# [Work task]
Using the listing below, please print exactly the lines from the one with "Thamd ự hội" through the one with "Video cho thấy". Leave out every picture.

Data listing: Begin

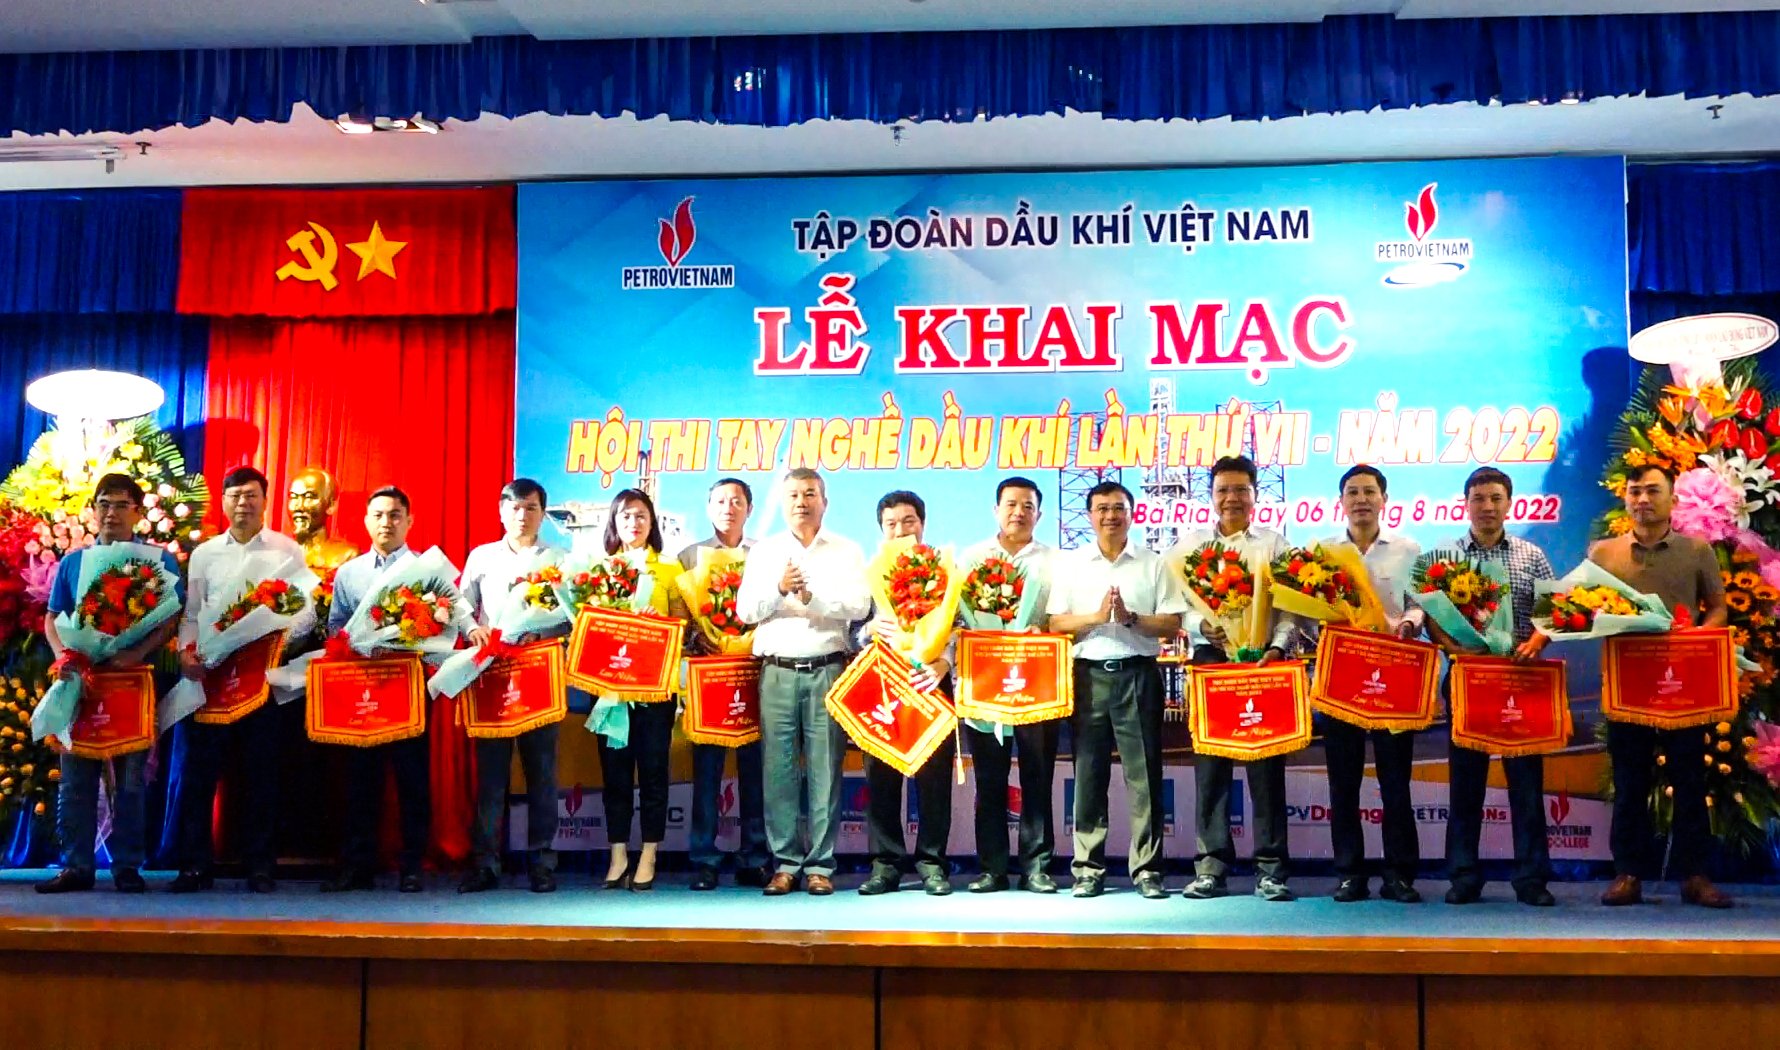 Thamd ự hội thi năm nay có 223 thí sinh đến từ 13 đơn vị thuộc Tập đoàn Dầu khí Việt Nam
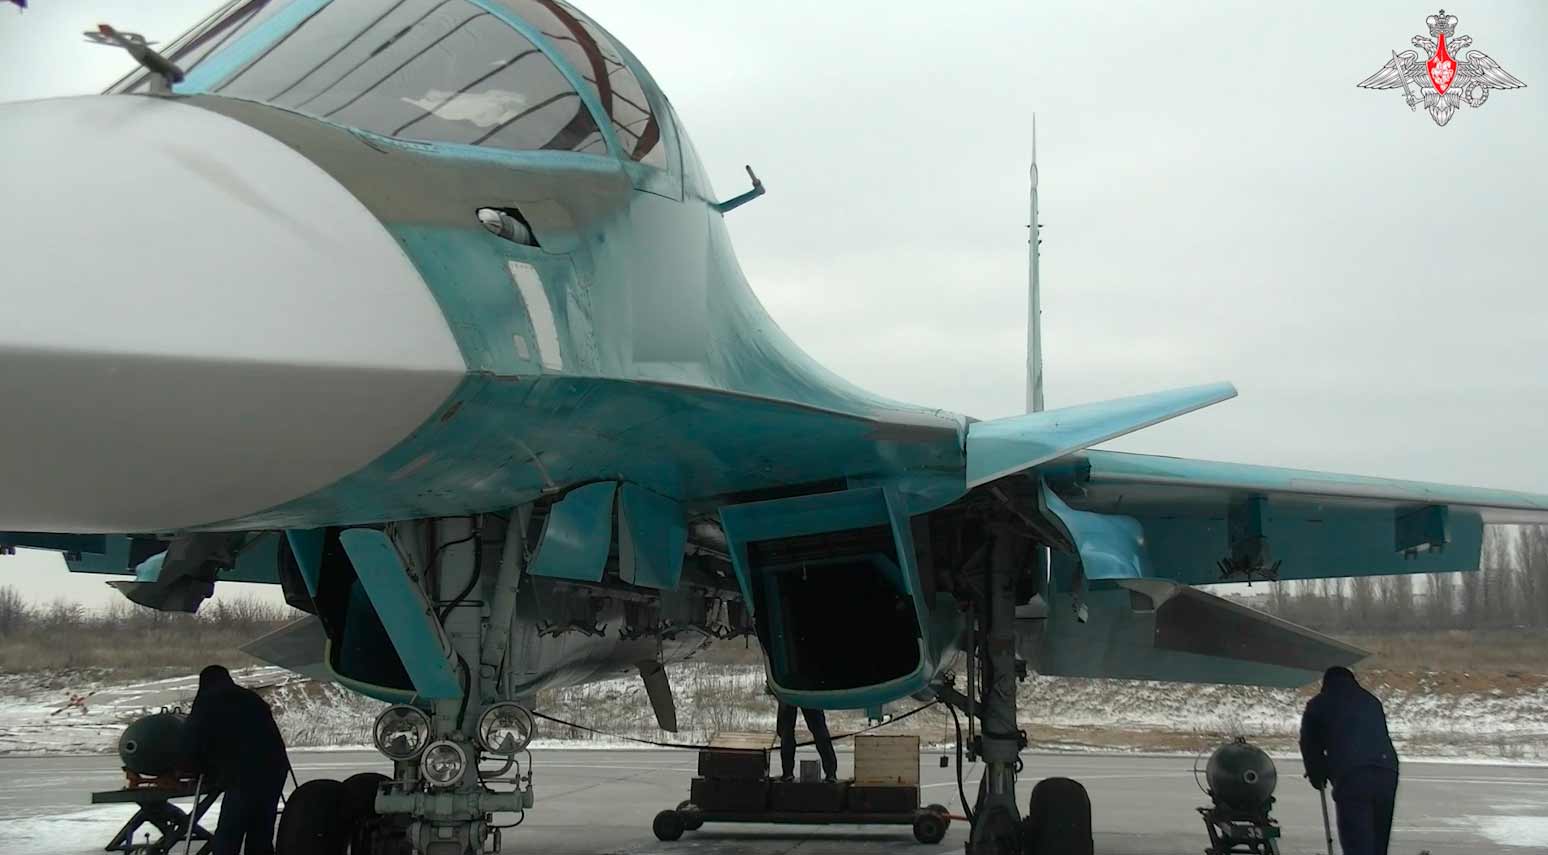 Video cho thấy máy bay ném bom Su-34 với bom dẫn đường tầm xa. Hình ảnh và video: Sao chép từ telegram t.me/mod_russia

Data listing: End
Data listing: Begin

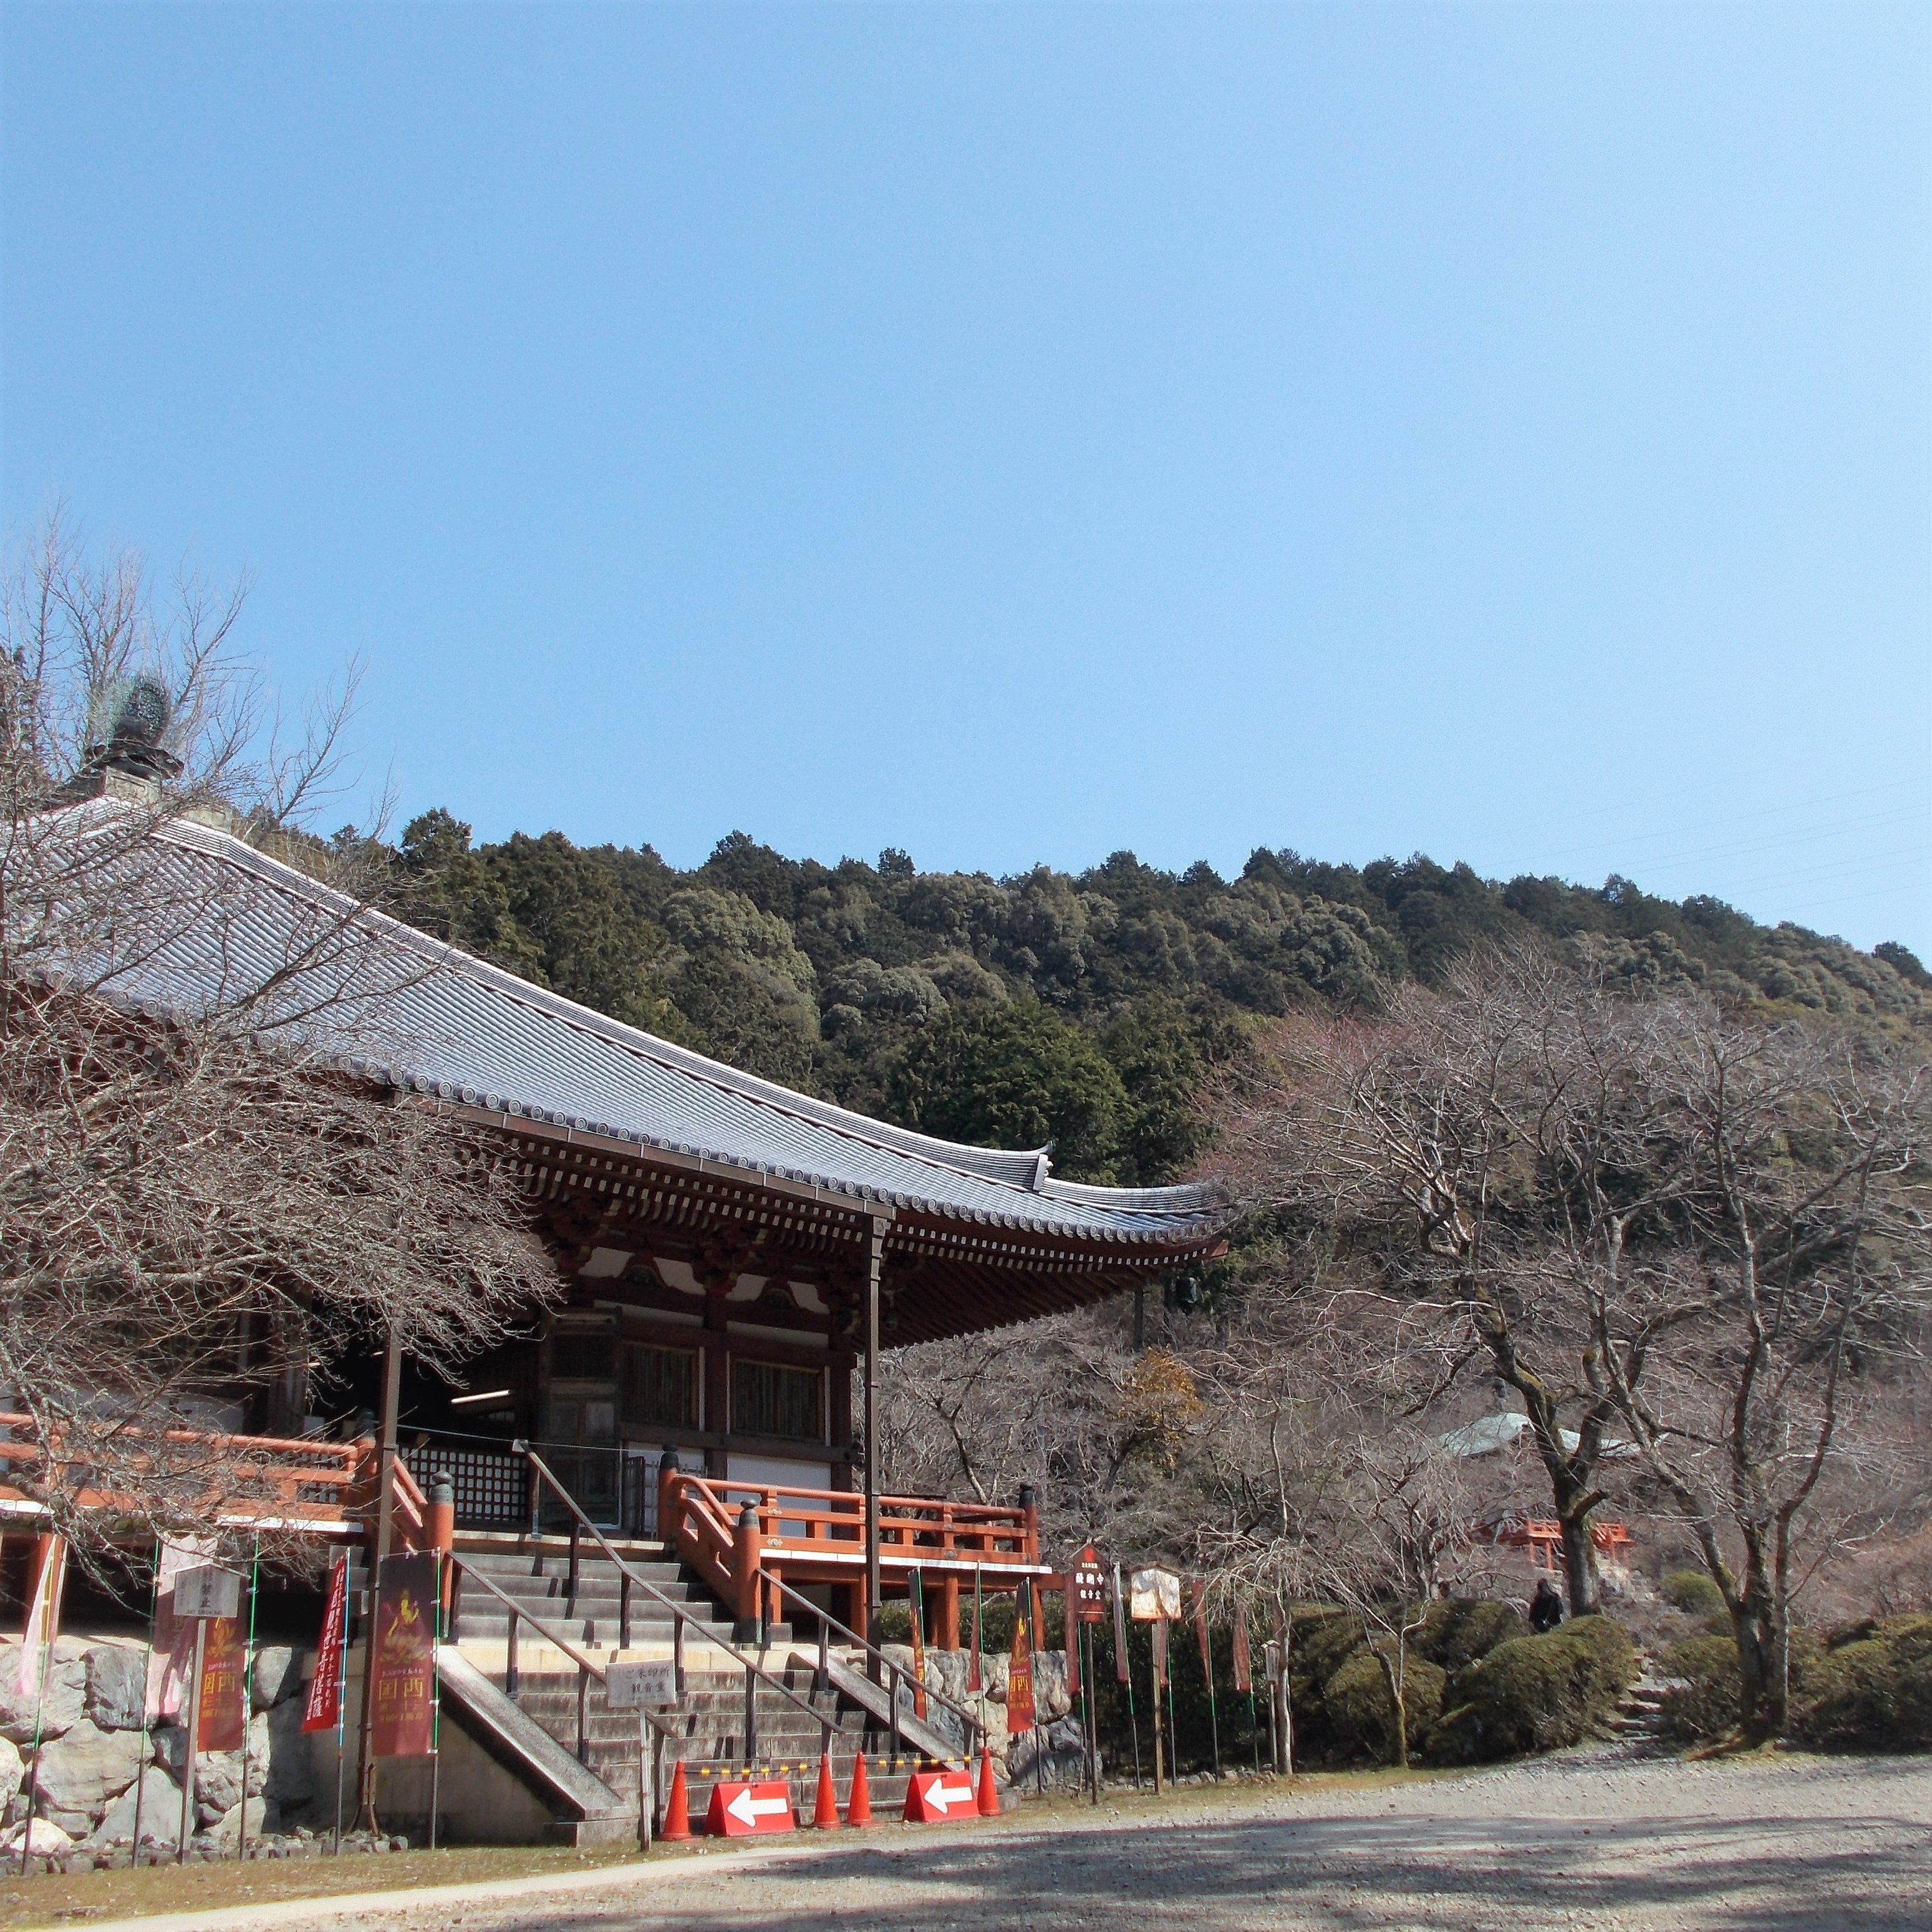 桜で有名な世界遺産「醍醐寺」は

Data listing: End

# [Answer]
 Thamd ự hội thi năm nay có 223 thí sinh đến từ 13 đơn vị thuộc Tập đoàn Dầu khí Việt Nam
 Video cho thấy máy bay ném bom Su-34 với bom dẫn đường tầm xa. Hình ảnh và video: Sao chép từ telegram t.me/mod_russia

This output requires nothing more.